There we have it, young people are more likely to survive compared to other age group, more than 20% the chance of the adult surviving the titanic.
The key points we can make are :
A female likely to survive compare to male counterpart.
Being on a higher class also improve the chance of surviving (maybe higher classes are prioritzed?), especially if you look at the 3rd class, while having more survivor compared to 2nd class, their rate of surviving are lower because 3rd class consist of 491 passengers.
Young passengers have more chance surviving the titanic.
we have to confirm if this points are true.
pob_agg <- aggregate(Embarked~Survived+Sex+Pclass+AgeGroup, pob, length)
Survivor Data Frame
survivor <- pob_agg[pob_agg$Survived==1,]
survivor$Rate <- survivor$Embarked/891
survivor <- survivor[order(survivor$Rate, decreasing = T),]
survivor <- subset(survivor, select = -c(Embarked, Survived))
survivor
## Sex Pclass AgeGroup Rate
## 2 female 1 Adult 0.094276094
## 6 female 2 Adult 0.065095398
## 10 female 3 Adult 0.057239057
## 4 male 1 Adult 0.044893378
## 12 male 3 Adult 0.038159371
## 24 female 3 Young 0.023569024
## 26 male 3 Young 0.014590348
## 20 female 2 Young 0.013468013
## 22 male 2 Young 0.010101010
## 8 male 2 Adult 0.008978676
## 18 female 1 Young 0.007856341
## 19 male 1 Young 0.004489338
## 14 male 1 Elder 0.001122334
Not Survivor Data Frame
notsurvivor <- pob_agg[pob_agg$Survived==0,]
notsurvivor$Rate <- notsurvivor$Embarked/891
notsurvivor <- notsurvivor[order(notsurvivor$Rate, decreasing = T),]
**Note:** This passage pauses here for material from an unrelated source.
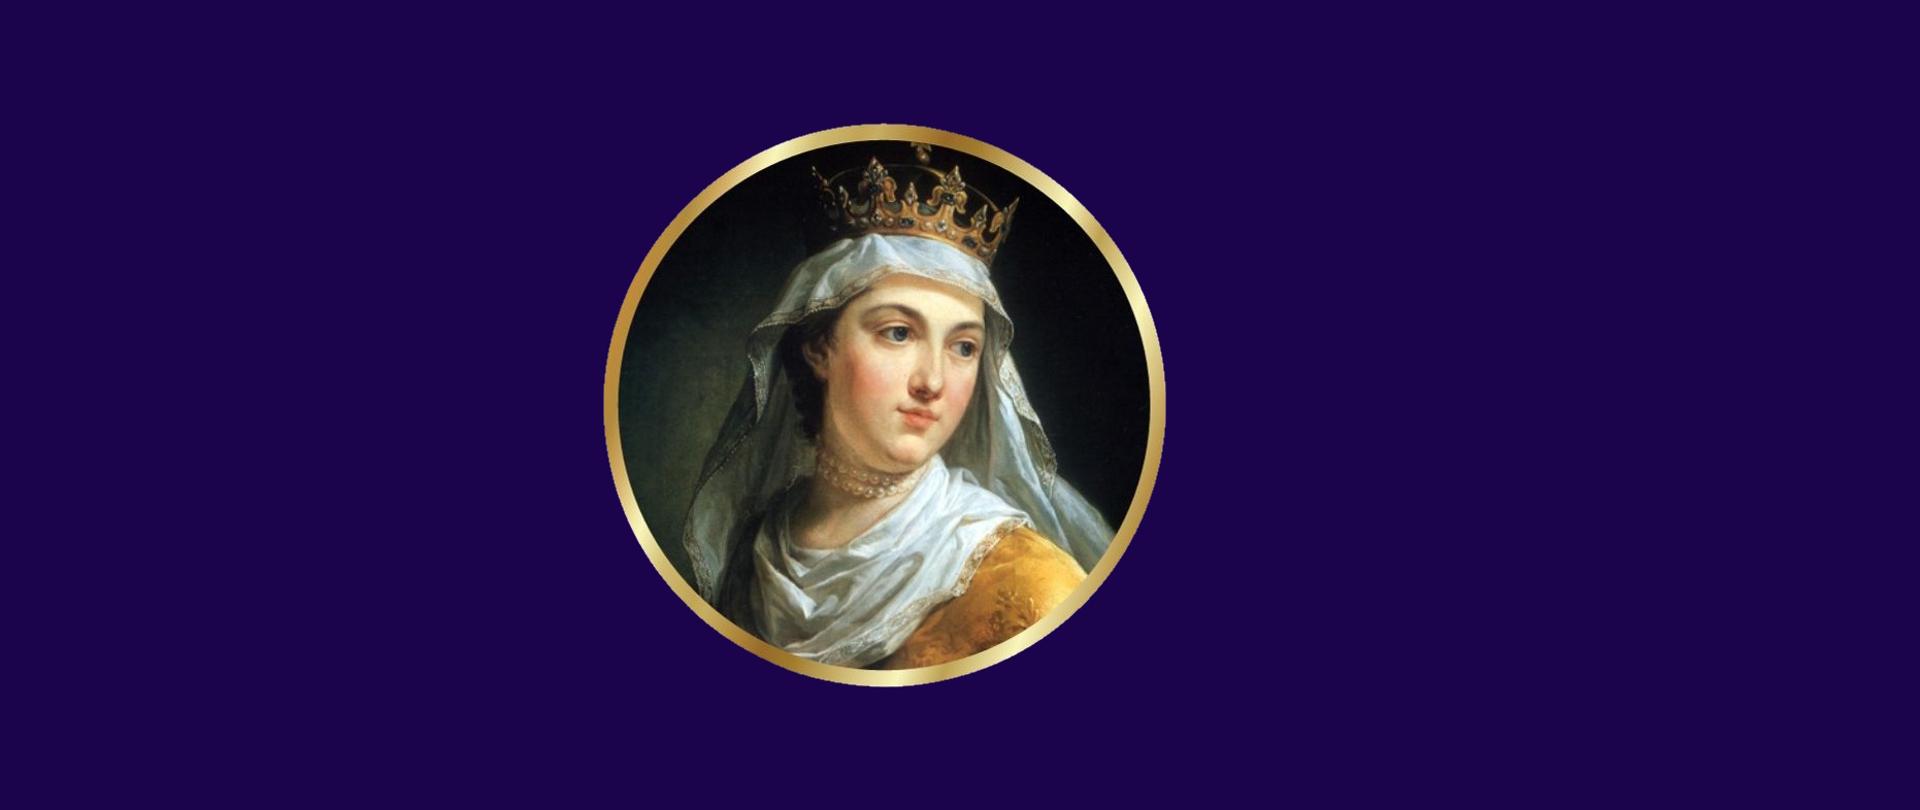 Portret kobiety z chustą i koroną na głowie w złotych szatach

notsurvivor <- subset(notsurvivor, select = -c(Embarked, Survived))
notsurvivor
## Sex Pclass AgeGroup Rate
## 11 male 3 Adult 0.288439955
## 7 male 2 Adult 0.097643098
## 3 male 1 Adult 0.080808081
## 9 female 3 Adult 0.053872054
## 25 male 3 Young 0.044893378
## 23 female 3 Young 0.026936027
## 5 female 2 Adult 0.006734007
## 13 male 1 Elder 0.005611672
## 16 male 3 Elder 0.003367003
## 1 female 1 Adult 0.002244669
## 15 male 2 Elder 0.002244669
## 21 male 2 Young 0.002244669
## 17 female 1 Young 0.001122334
It checks out!, Top 3 Survivor are female, on the opposite side, Top 3 of Those who did not survived are male. It also held true with our Class claim, but didnt i said that young people have higher rate of surviving? this table didnt tell that information because it takes all the Passenger into account, so refer back to the AgeGroup segment above for that info.